◆ YOUR ASSIGNMENT:
Begin at the line with "BMW i8 Amelia Island 4" and set down each line exactly until the listing ends. Images stay out.

◆ GIVEN INFORMATION:
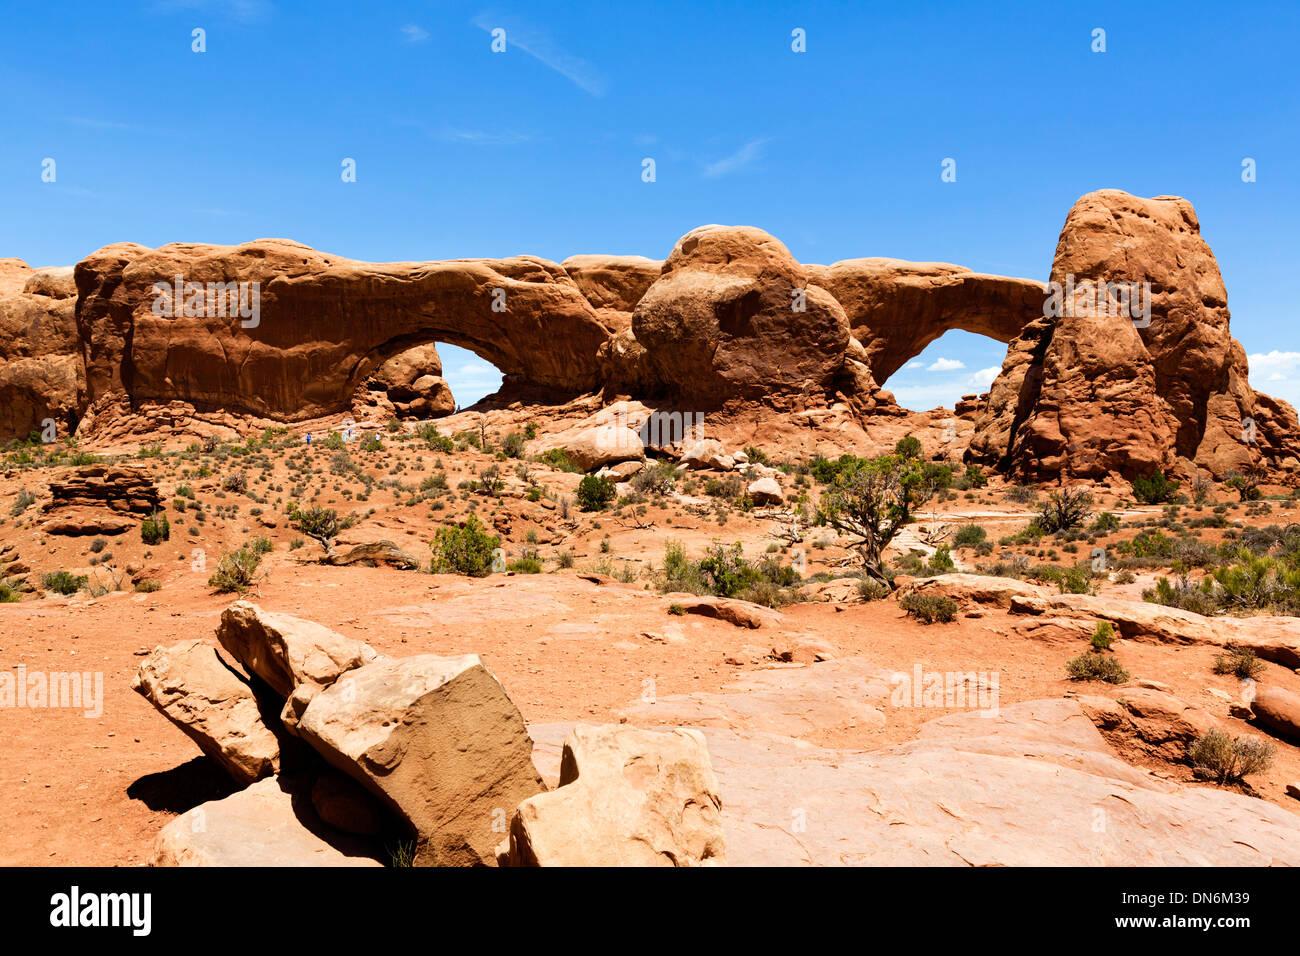 El Norte y el Sur Windows arcos, la sección Windows, Parque Nacional Arches, en Utah, EE.UU. Imagen De Stock
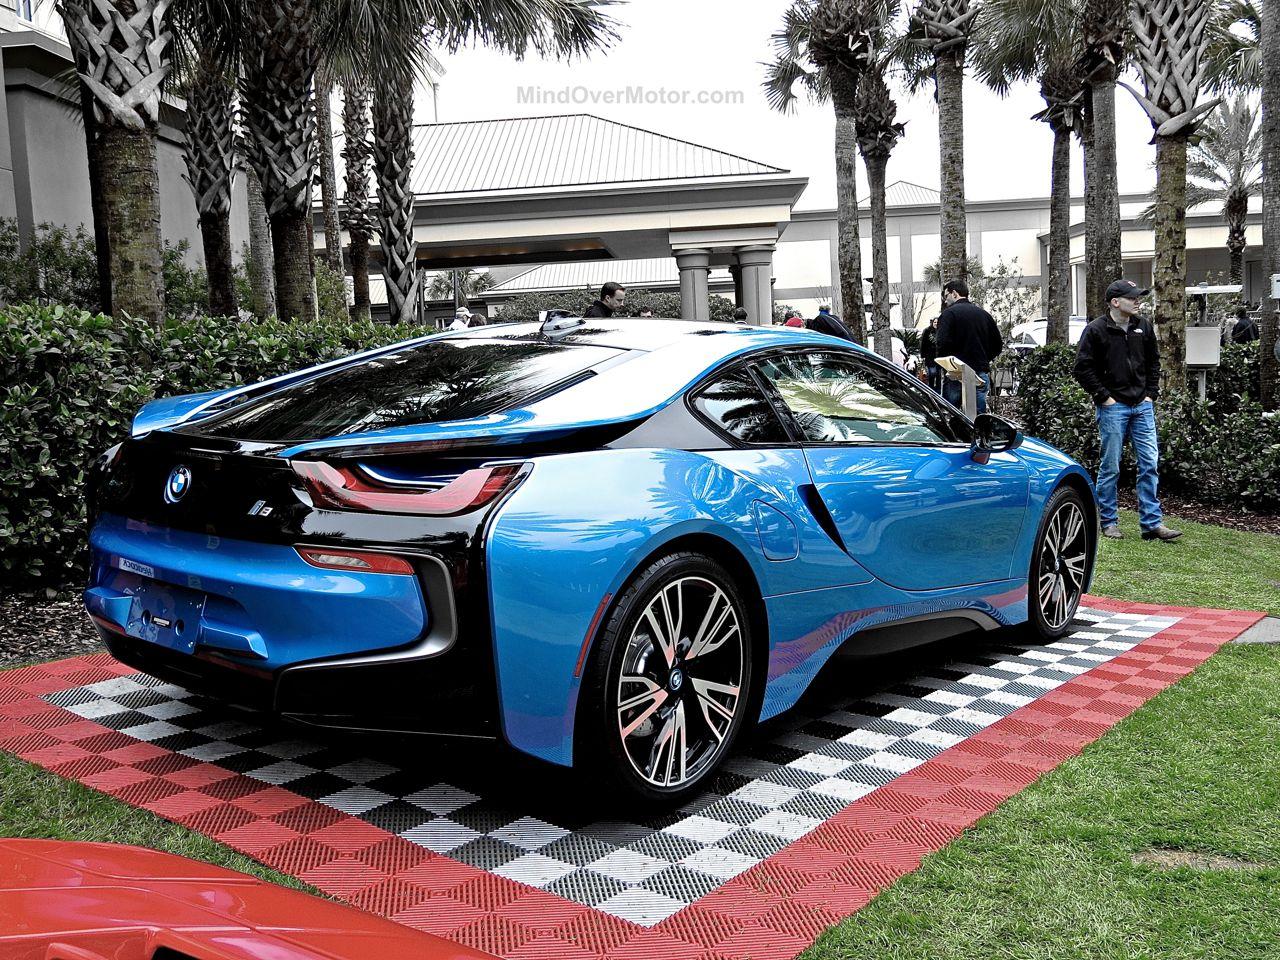 BMW i8 Amelia Island 4
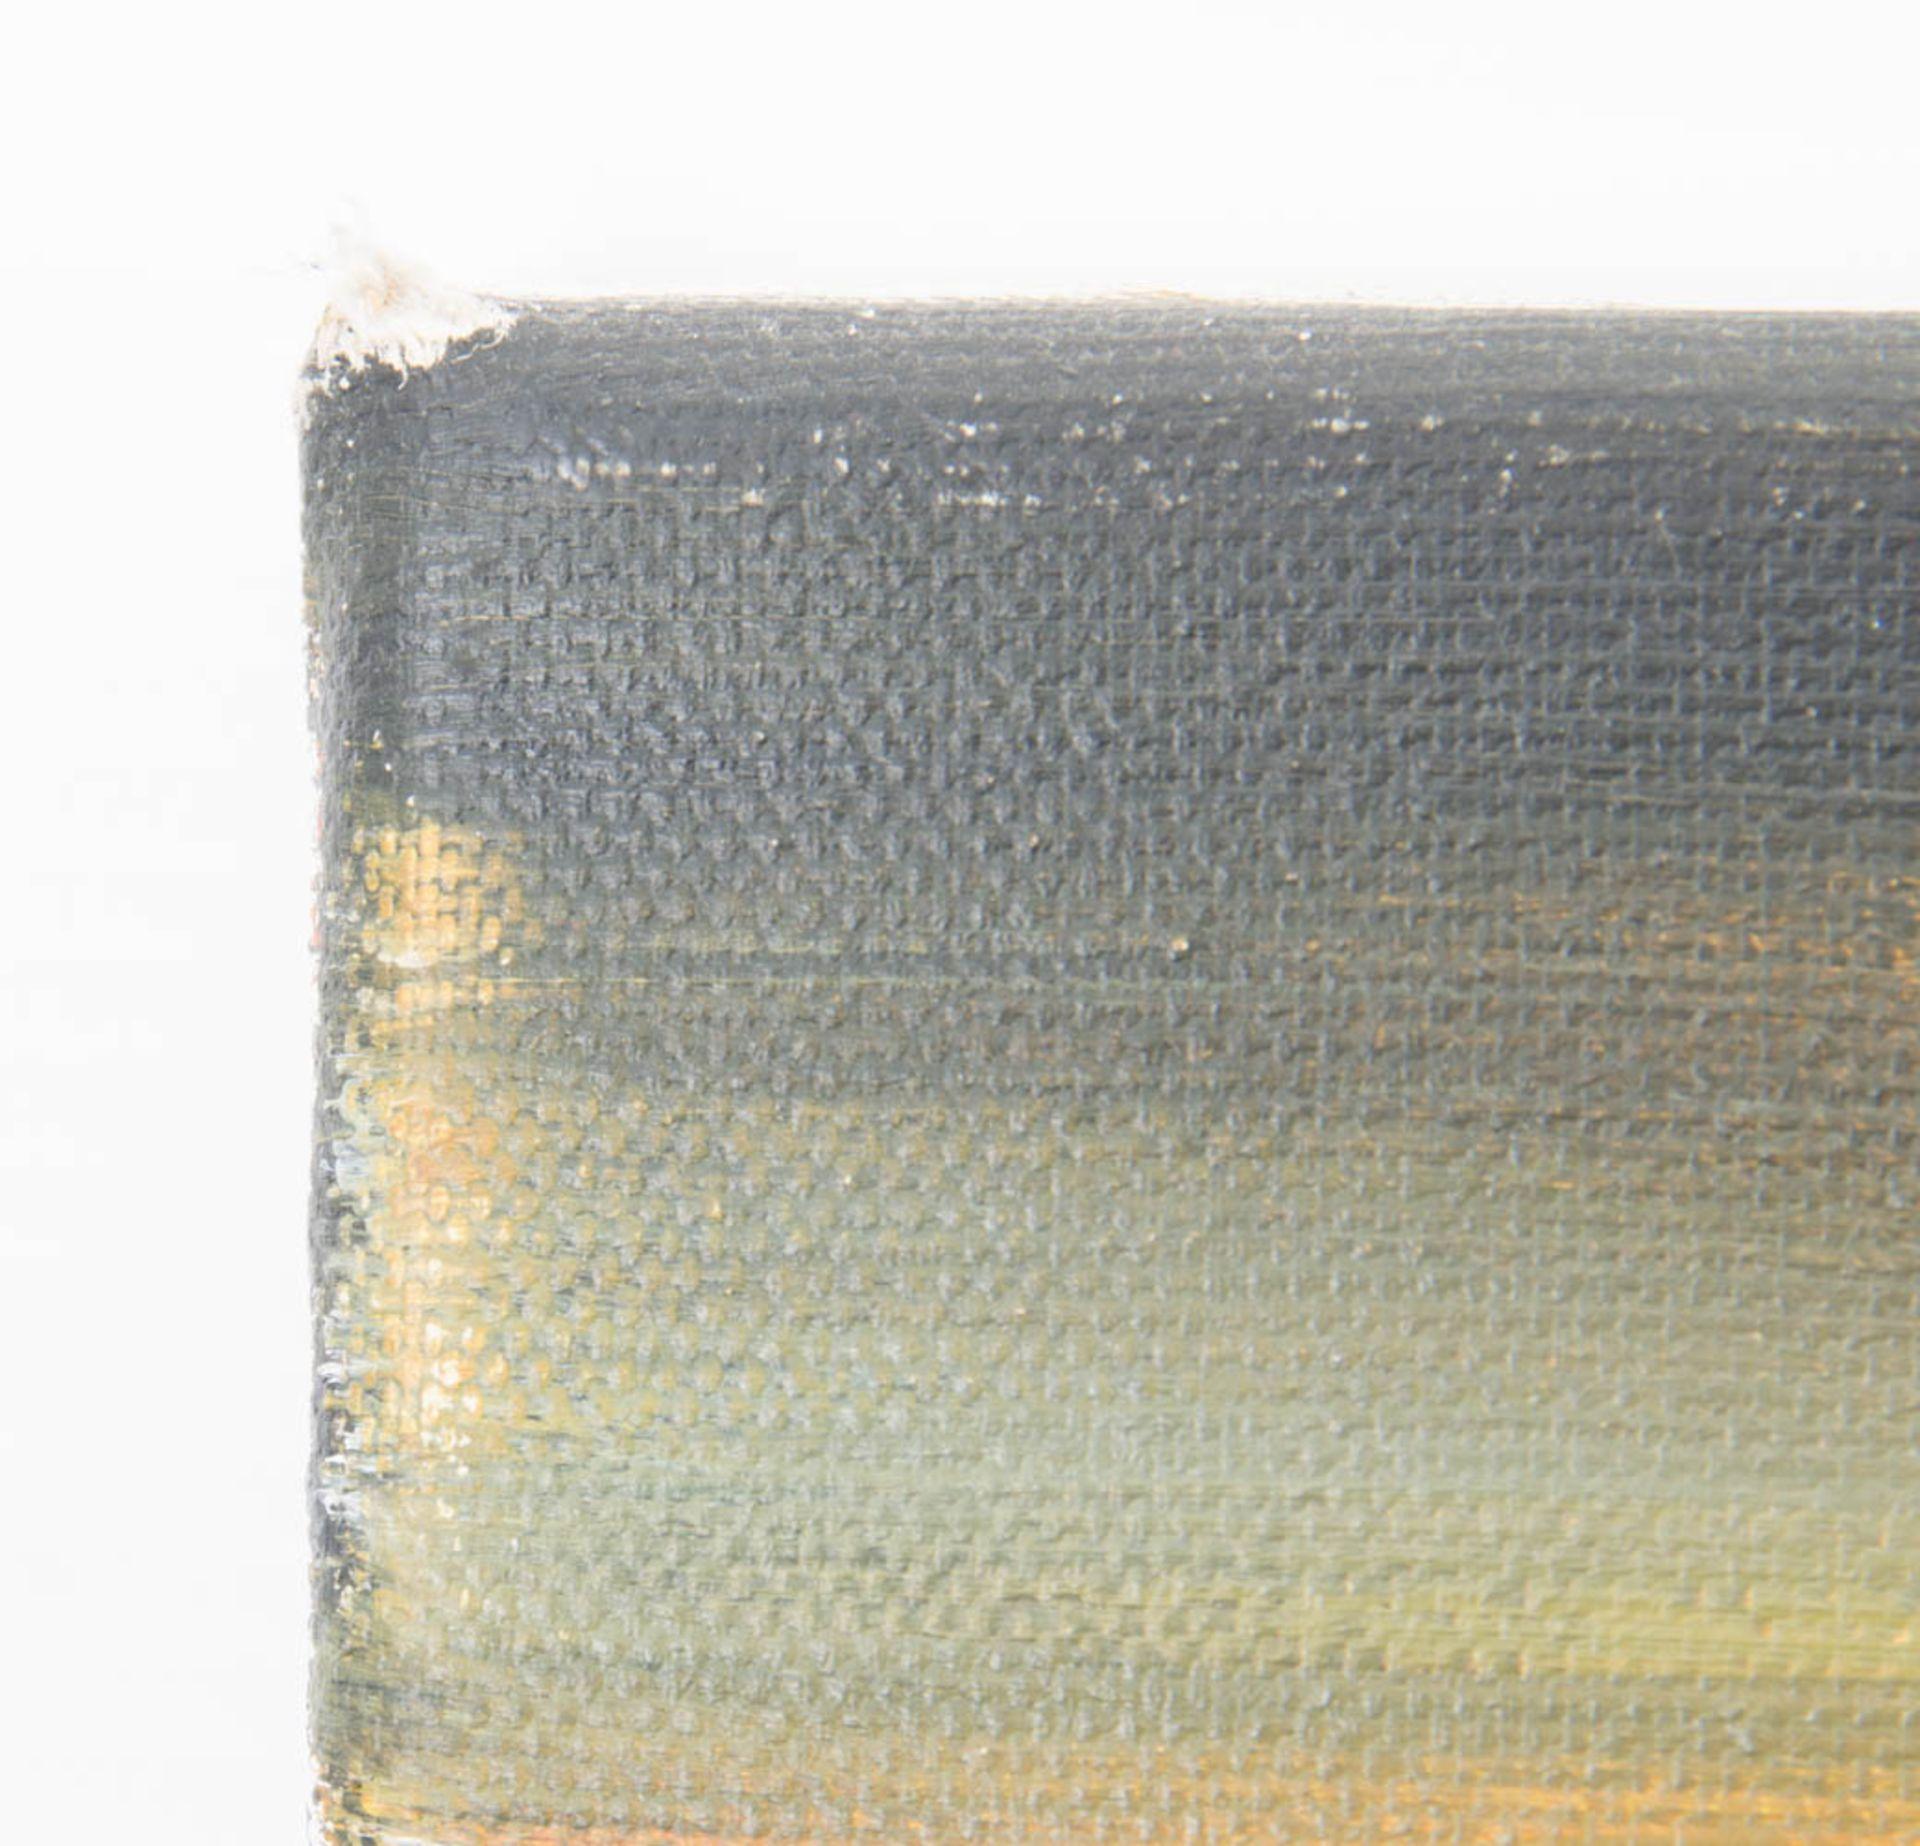 Remi Bertoche, Wellen im Abendrot, Öl auf Leinwand, 20./21. Jh.Oben rechts signiert.< - Bild 4 aus 5

◆ RESPONSE TO THE EXERCISE:
 BMW i8 Amelia Island 4
 Remi Bertoche, Wellen im Abendrot, Öl auf Leinwand, 20./21. Jh.Oben rechts signiert.< - Bild 4 aus 5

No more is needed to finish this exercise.